The experiment underscored the importance of calorimeter selection based on the specific heat capacity requirements of the reaction being studied. The higher heat capacity of the coffee cup calorimeter suggests it is more suitable for reactions with larger enthalpy changes, where more heat is absorbed or released. Conversely, the copper calorimeter, with its lower heat capacity, might be preferred for reactions with smaller enthalpy changes. The observed error in the enthalpy of formation for MgO highlights the challenges in experimental thermodynamics, including the need for precise measurement and control of external factors such as heat loss and reactant purity.
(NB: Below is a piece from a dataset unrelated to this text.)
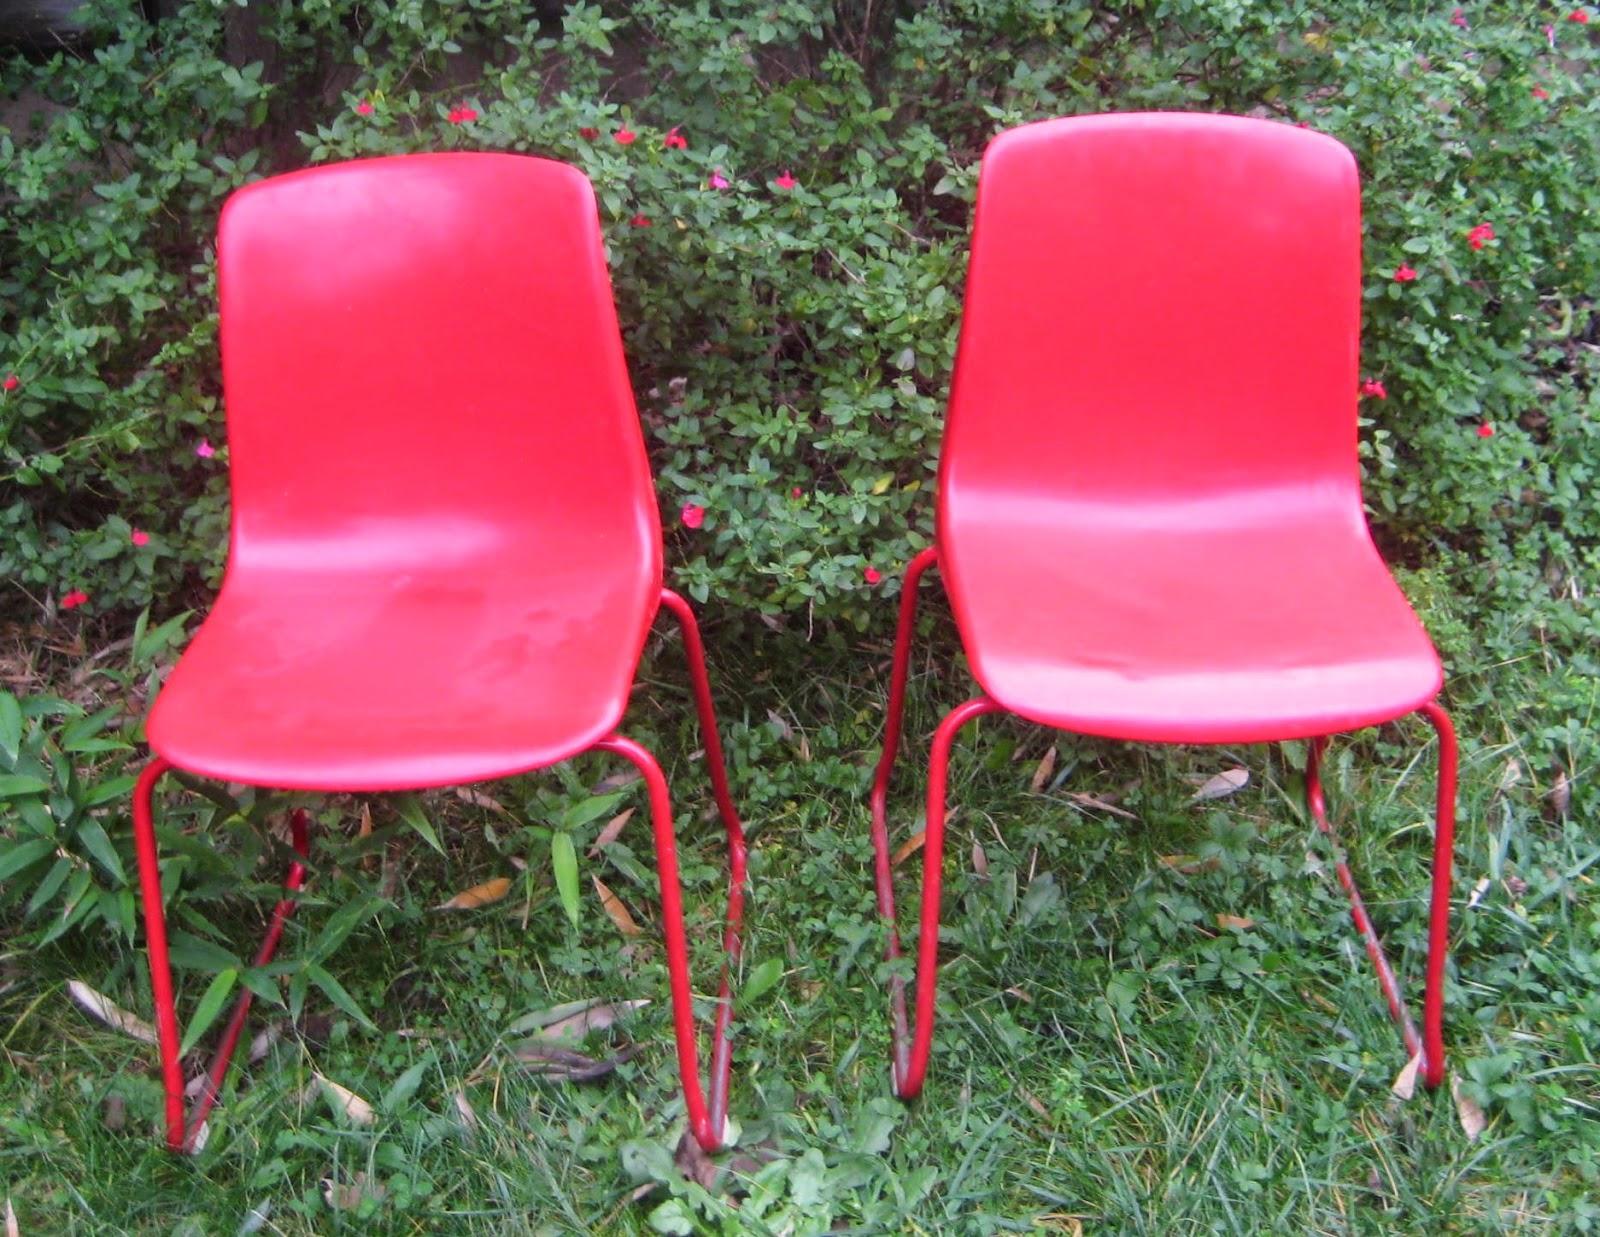 chaise vintage grosfillex rouge n 6001 les enfants de la brocante. Black Bedroom Furniture Sets. Home Design Ideas
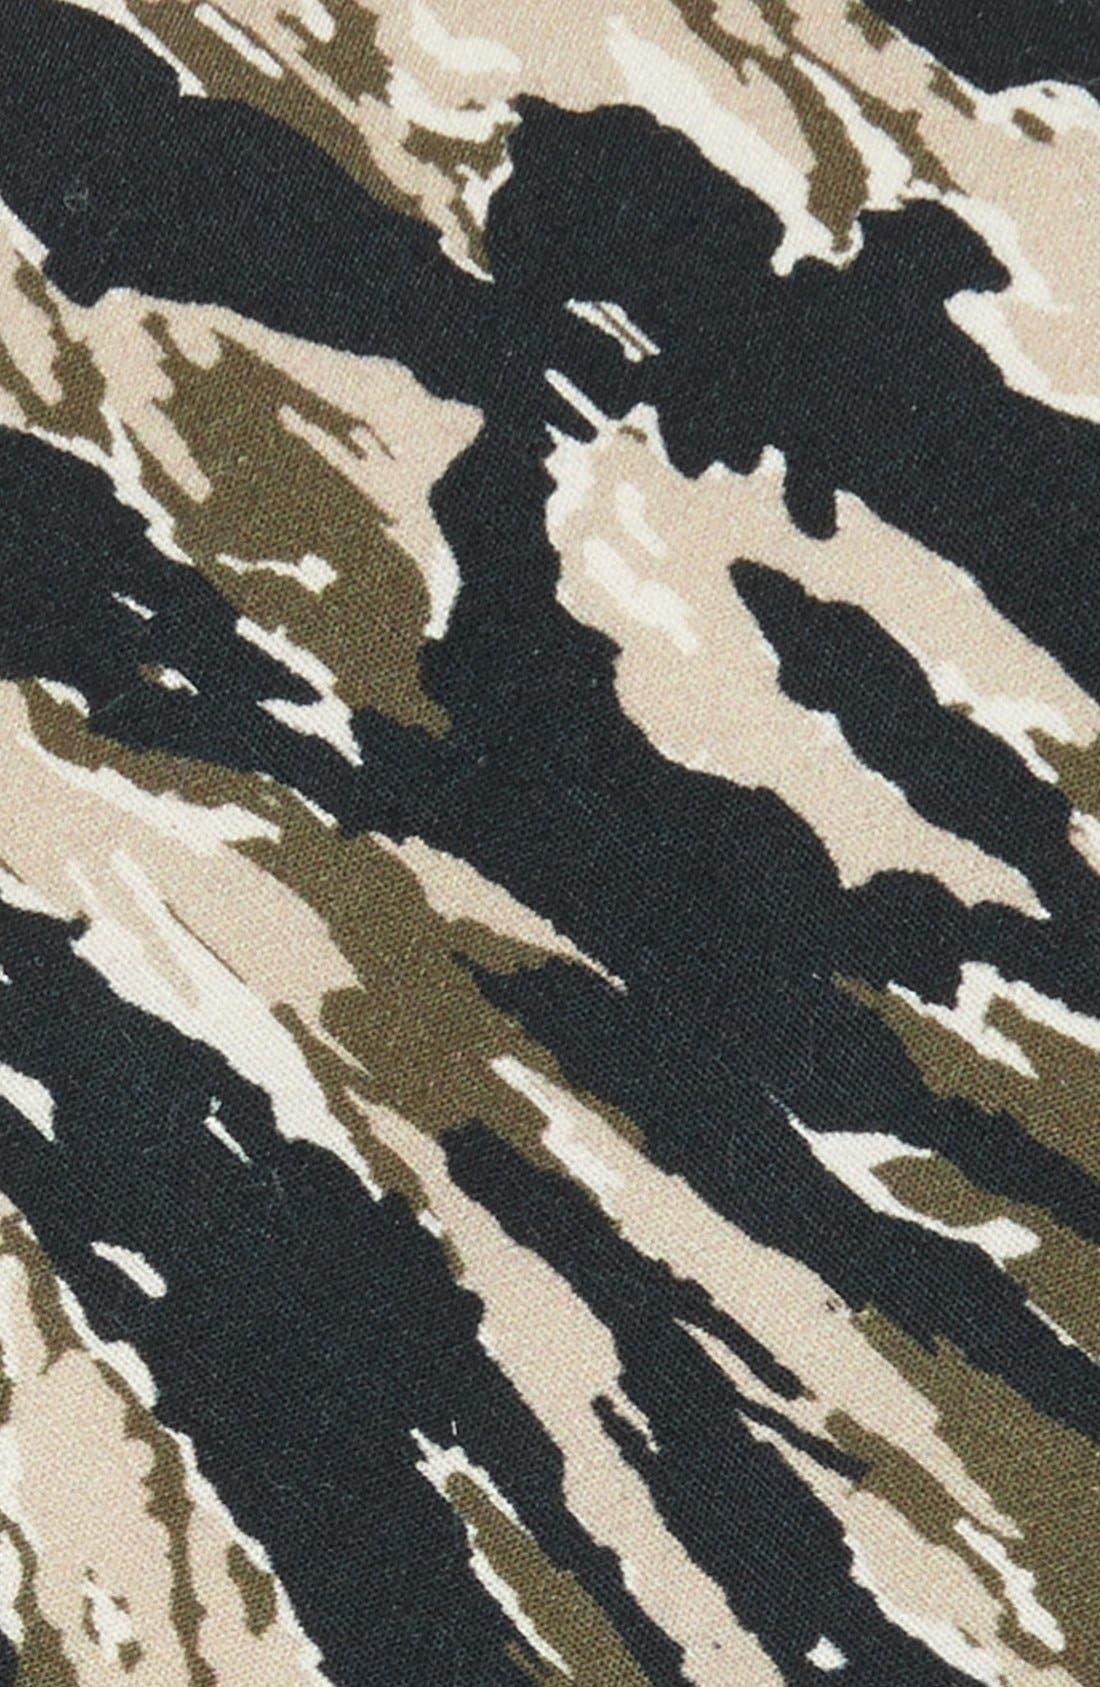 Alternate Image 2  - EDIT by The Tie Bar Camo Cotton Tie (Nordstrom Exclusive)

Coffee-cup calorimeter was calculated that it was higher heat capacity compared to copper calorimeter which is 99.75 J/ºC and 27.60 J/ºC by using the formula given:

q(hot) = q(cold) + q(cal)

q(hot) = m(h) x c x (T(h)- T(f)) = heat lost by hot water

q(cold) = m(c) x c x (T(f) - T(c)) = heat gained by cold water

q(cal) = C(cal) x (T(f)- T(c)) = heat gained by calorimeter

where,

c = specific heat of water = 4.18 J/ gºC

C (cal) = heat capacity of the calorimeter

T (h) = temperature of hot water

T (c) = temperature of cold water

T (f) = final temperature after mixing

m = mass of water (hot or cold)

Conclusion

This investigation into calorimetry and the application of Hess's Law provided valuable insights into the determination of heat capacities and the standard enthalpy of formation for magnesium oxide. While the experiment demonstrated the feasibility of these methods, it also highlighted the critical role of accurate calorimetry and the potential for error due to experimental limitations. Future efforts should focus on minimizing heat loss and ensuring reactant purity to enhance the accuracy of enthalpy measurements.

References

The experiment drew upon foundational principles and methodologies in physical chemistry, as outlined in academic resources and specialized literature on calorimetry and Hess's Law. These sources provide a theoretical basis for the experimental techniques and calculations employed in determining heat capacities and enthalpy changes.